In the standard \((\mathrm{x},\mathrm{y})\) coordinate plane, the graph of |3x| + |7y| = 21 is a parallelogram with 2 vertices...

Let's visualize this problem to make it crystal clear.

Phase 1: Understanding the Shape

The equation \(|3\mathrm{x}| + |7\mathrm{y}| = 21\) creates a special quadrilateral. Let's find its vertices by determining where it crosses the axes.

Finding x-axis intersections (where y = 0):

• \(|3\mathrm{x}| + |7(0)| = 21\)
• \(|3\mathrm{x}| = 21\)
• \(|\mathrm{x}| = 7\)
• So \(\mathrm{x} = 7\) or \(\mathrm{x} = -7\)
• Vertices on x-axis: \((7, 0)\) and \((-7, 0)\)

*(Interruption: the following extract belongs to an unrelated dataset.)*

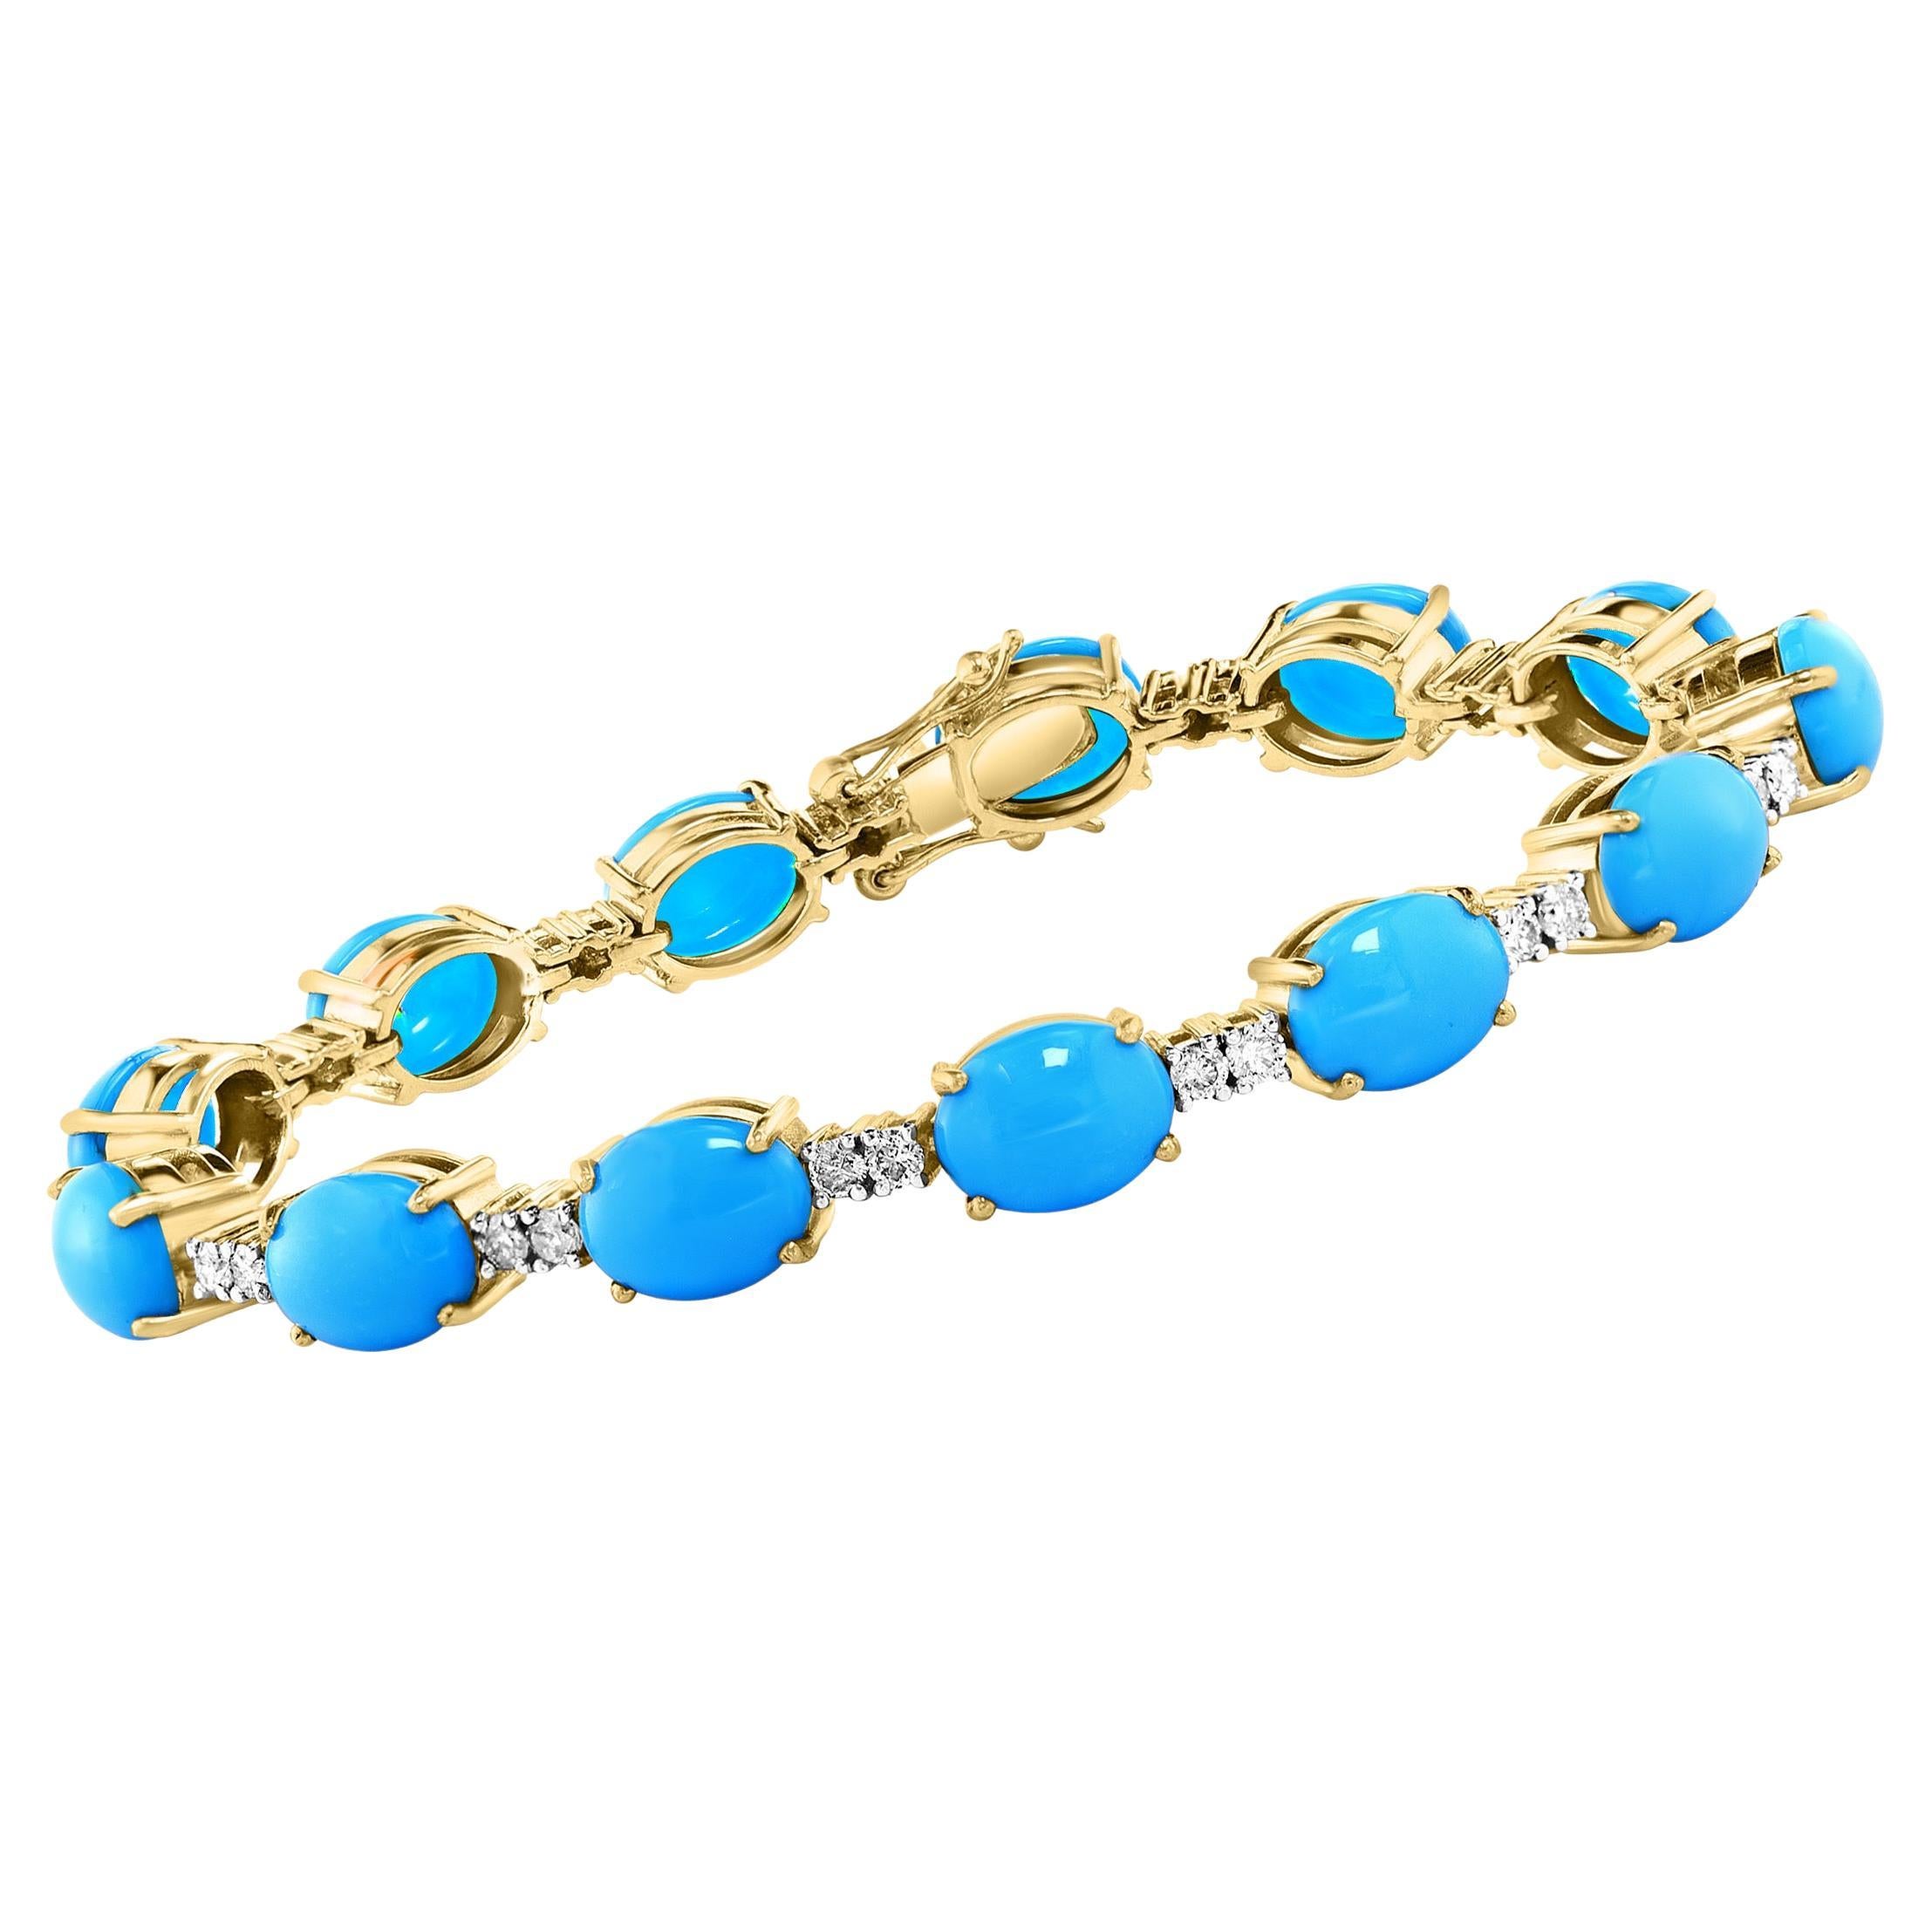 13Ct Natural Sleeping Beauty Turquoise & Diamond Tennis Bracelet 14k Yellow Gold For Sale
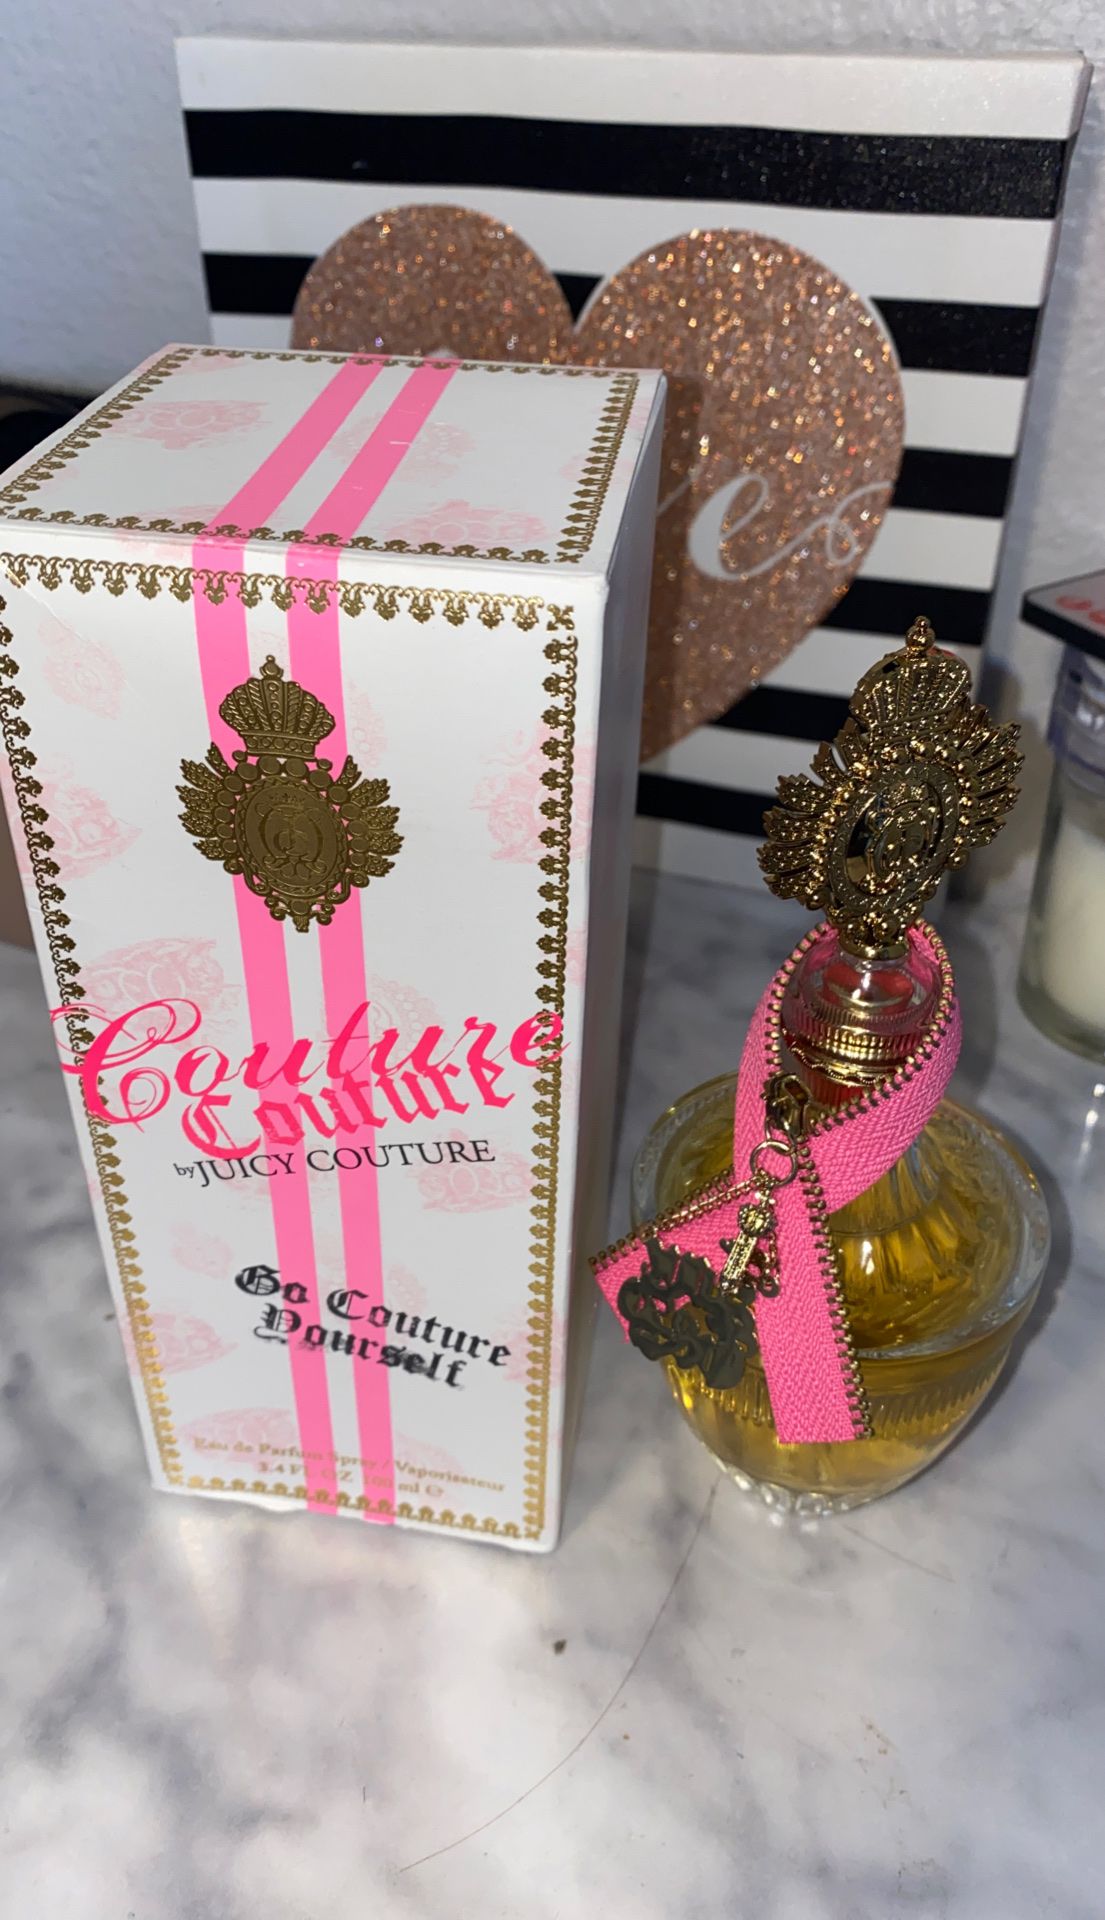 Brand new juicy couture perfume

Finding y-axis intersections (where x = 0):

• \(|3(0)| + |7\mathrm{y}| = 21\)
• \(|7\mathrm{y}| = 21\)
• \(|\mathrm{y}| = 3\)
• So \(\mathrm{y} = 3\) or \(\mathrm{y} = -3\)
• Vertices on y-axis: \((0, 3)\) and \((0, -3)\)

Phase 2: Visualizing the Parallelogram

Let's draw this parallelogram:

       (0,3)
         |
         |
(-7,0)---+---(7,0)  
         |
         |
       (0,-3)

The four vertices form a rhombus (special parallelogram) centered at the origin.

Phase 3: Finding the Diagonal Lengths

Horizontal diagonal H:

• Connects \((-7, 0)\) to \((7, 0)\)
• \(\mathrm{H} = 7 - (-7) = 14\) coordinate units

Vertical diagonal V:

• Connects \((0, -3)\) to \((0, 3)\)
• \(\mathrm{V} = 3 - (-3) = 6\) coordinate units

Phase 4: Solution

From our analysis:

• \(\mathrm{H} = 14\) (horizontal diagonal length)
• \(\mathrm{V} = 6\) (vertical diagonal length)

Answer:

• For H: Select 14
• For V: Select 6